Отец Франциск, он же дон Фернандо, вздрогнул при мысли, что ему в голову лезет подобная чертовщина, достойная скорее суеверной старухи, чем священника. Забегая вперед, стоит отметить, что профос был все же недалек от истины, но не понимал, где именно в трактате преподобного да Сангры ее нужно искать! Дон Фернандо Диас совершенно напрасно прошел мимо символического сближения Змея из Книги Бытия с Левиафаном и индейскими «священными» питонами и не заметил духовного предостережения, скрытно содержавшегося в рукописи; а заодно пренебрег эпизодом, демонстрирующим высокую потенциальную опасность искуситься и впасть в соблазн при посредстве зеркала. После прочтения трактата отец Франциск был одержим мыслью во что бы то ни стало раздобыть морионовое зеркало, принадлежавшее любовнице Рэли.

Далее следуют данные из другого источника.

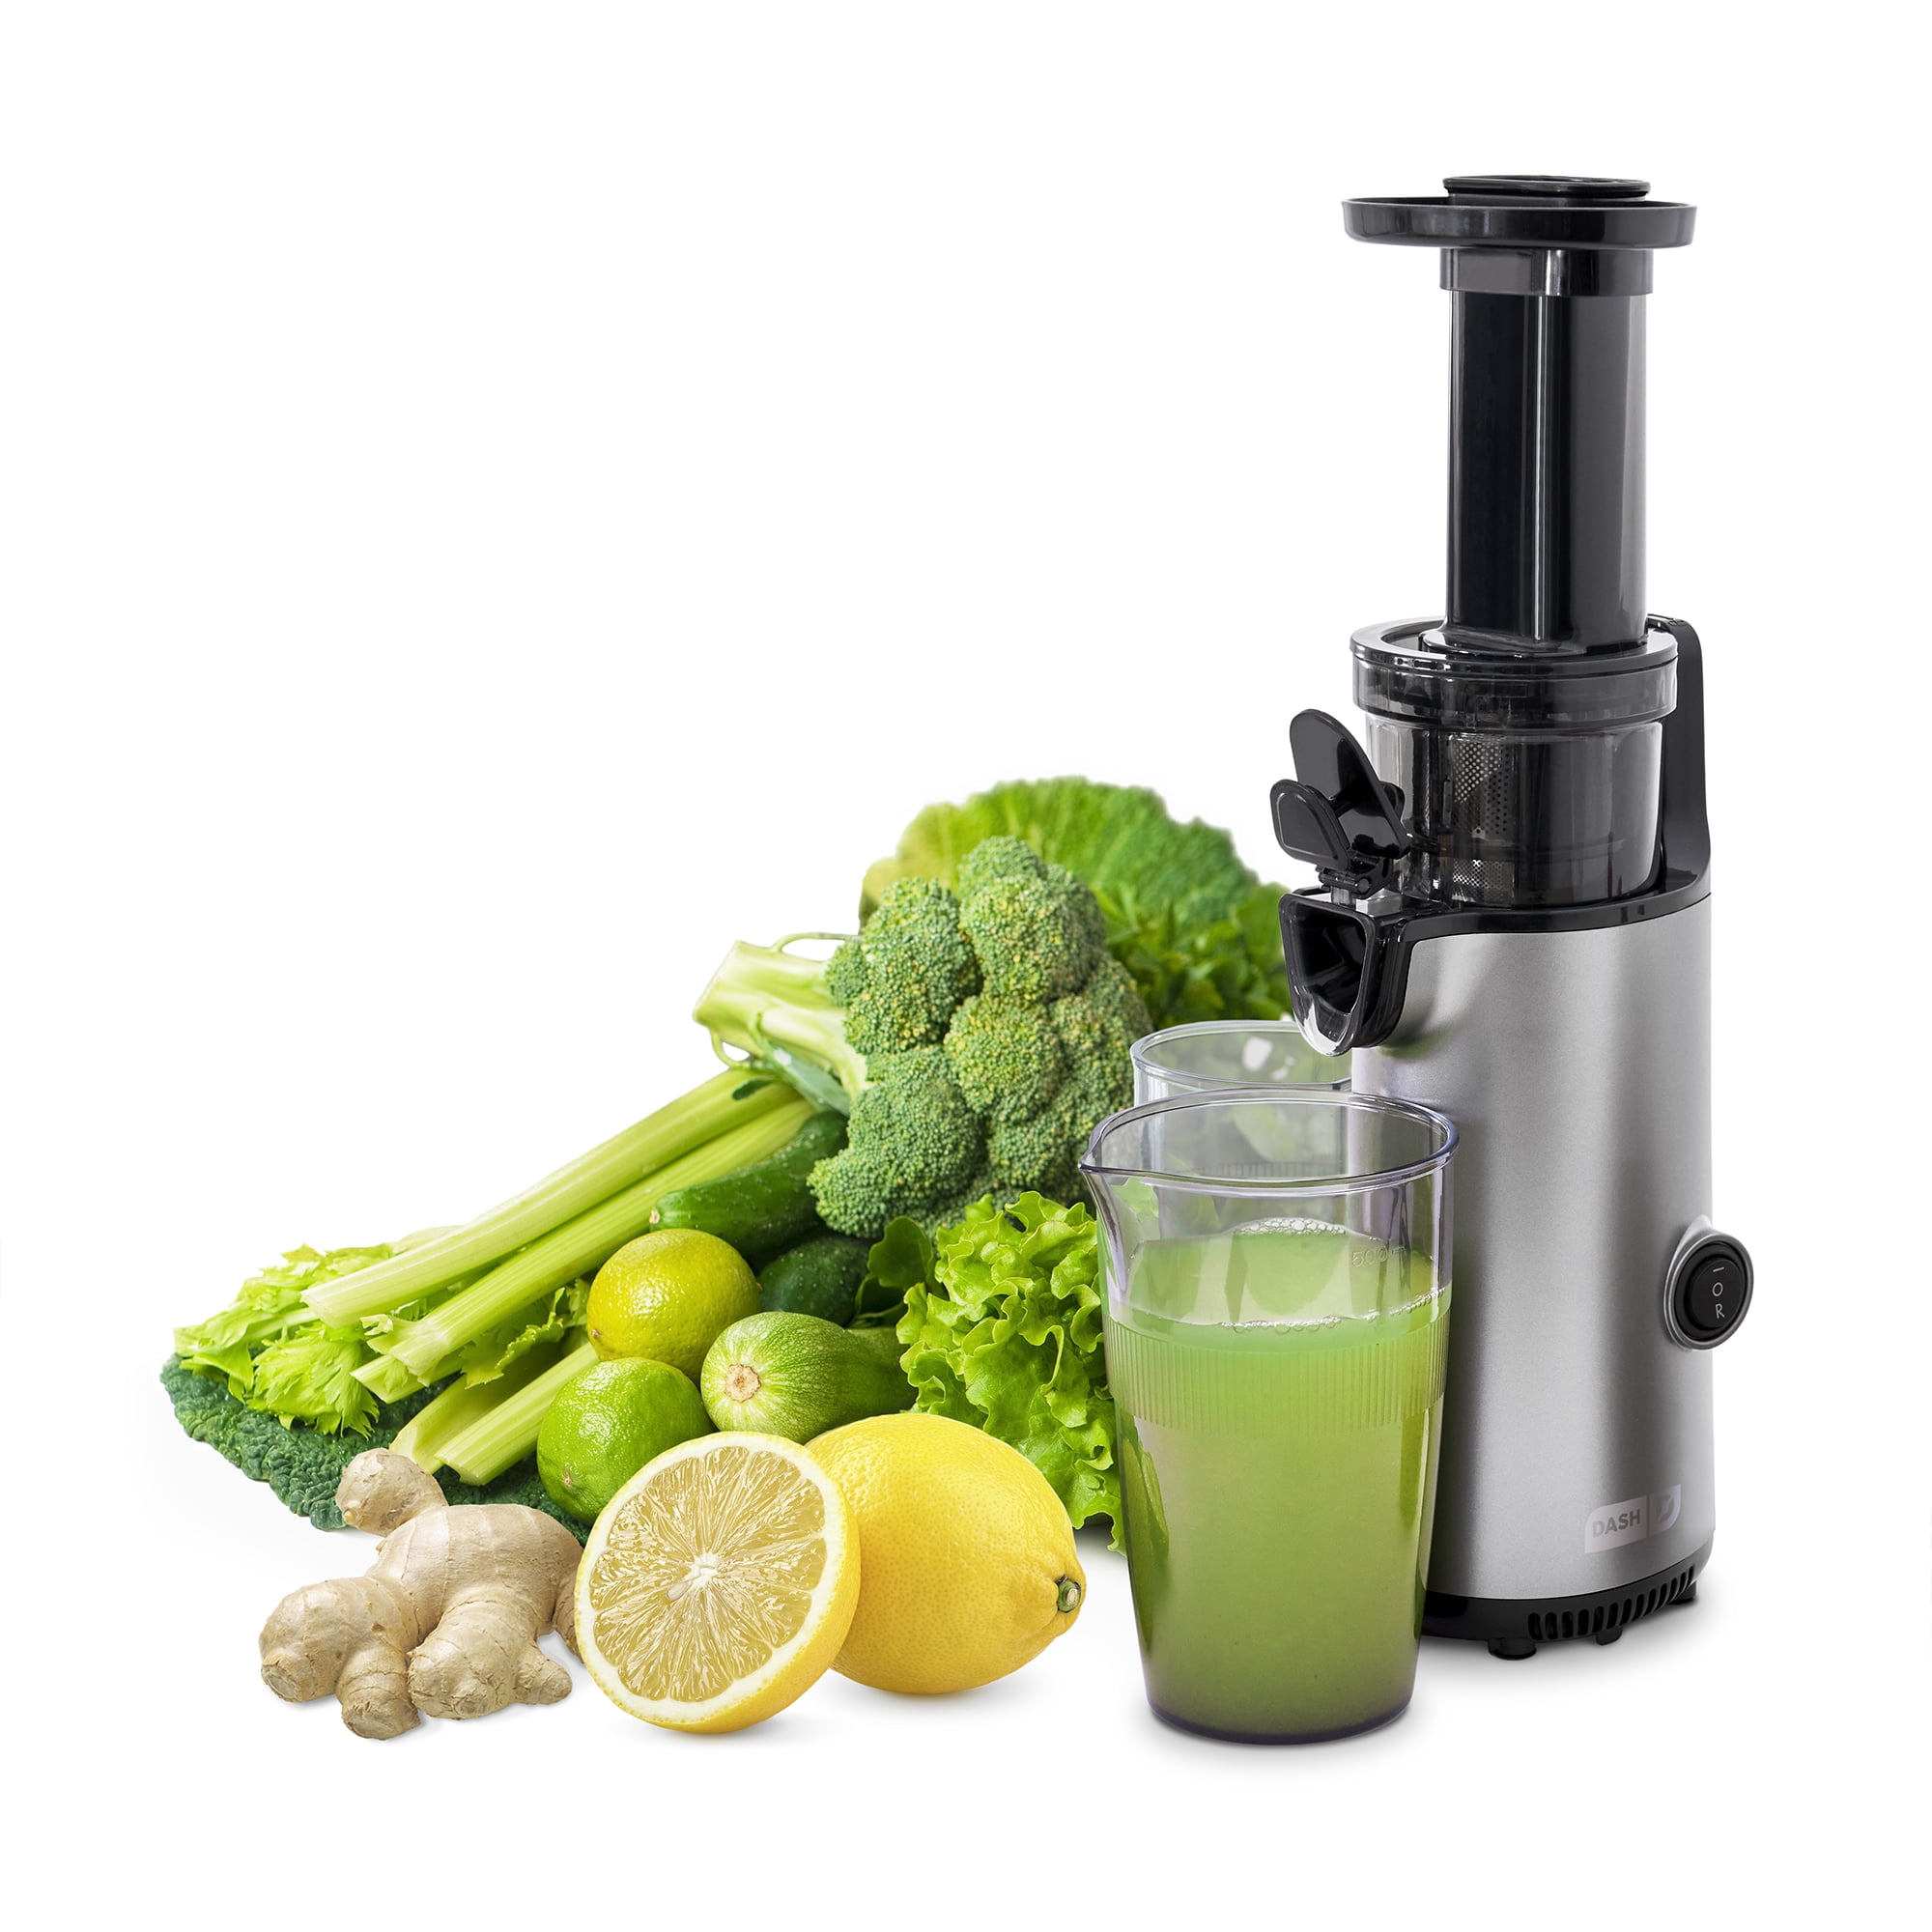 Dash Compact Centrifugal Juicer, Press Juicing Machine, 2-Speed, 2 Wide Feed Chute for Whole Fruit Vegetable, Anti-Drip, Stainless Steel Sieve - Cool

Профос был теперь убежден, что мистический предмет ему необходим так же, как и карта сокровищ!
Неразрывная таинственная связь карты и черного зеркала ослепительной вспышкой вдруг озарила сознание дона Фернандо и заслонила собой все остальные дела. Он уже видел перед собой решение задачи, но в этот момент ему доложили, что за особыми распоряжениями прибыл молодой врач, член Ордена.
* * *Робер д’Амбулен вошел в покои профоса не без трепета. Нет, вовсе не потому, что испытывал страх перед отцом Франциском или излишнее почтение к нему. Просто после того, как он случайно наткнулся на Эспаньоле на крест с надписью, разрешающей все его вопросы, он каждый свой шаг, каждый самый пустяковый поступок совершал так благоговейно и осторожно, как бы перед лицом Самого Бога.
Первым и наиболее сильным движением его души тогда, в горах, было отчаяние. Оно оказалось так велико, что следом, как бы ниоткуда, пришло и понимание: унывать бессмысленно и бесполезно, нужно действовать. Просто потому, что предаваться отчаянию значит продолжать терпеть ту самую невыносимую муку, которая терзала его, причем без всякого смысла и без всякой перспективы от этой муки избавиться. «Господи, – взмолился тогда д’Амбулен, – неужели Ты оставишь меня, как я Тебя оставил? Неужели для меня никакой надежды больше нет? Накажи меня как угодно, только не этой незримой казнью, которая терзает меня изнутри. Впрочем… что мне остается, как не покориться Твоему праведному гневу?! Карай, Господи, да свершится Твоя воля!» Выбора-то нет! И когда молодой человек осознал все это и мысленно сжался, готовый принять еще большее страдание как заслуженное, то мгновенно ощутил в себе отклик: надежда есть, если целиком и полностью положиться на волю Божию; а внутренний голос принялся подсказывать ему ответы на вопрос, что делать дальше.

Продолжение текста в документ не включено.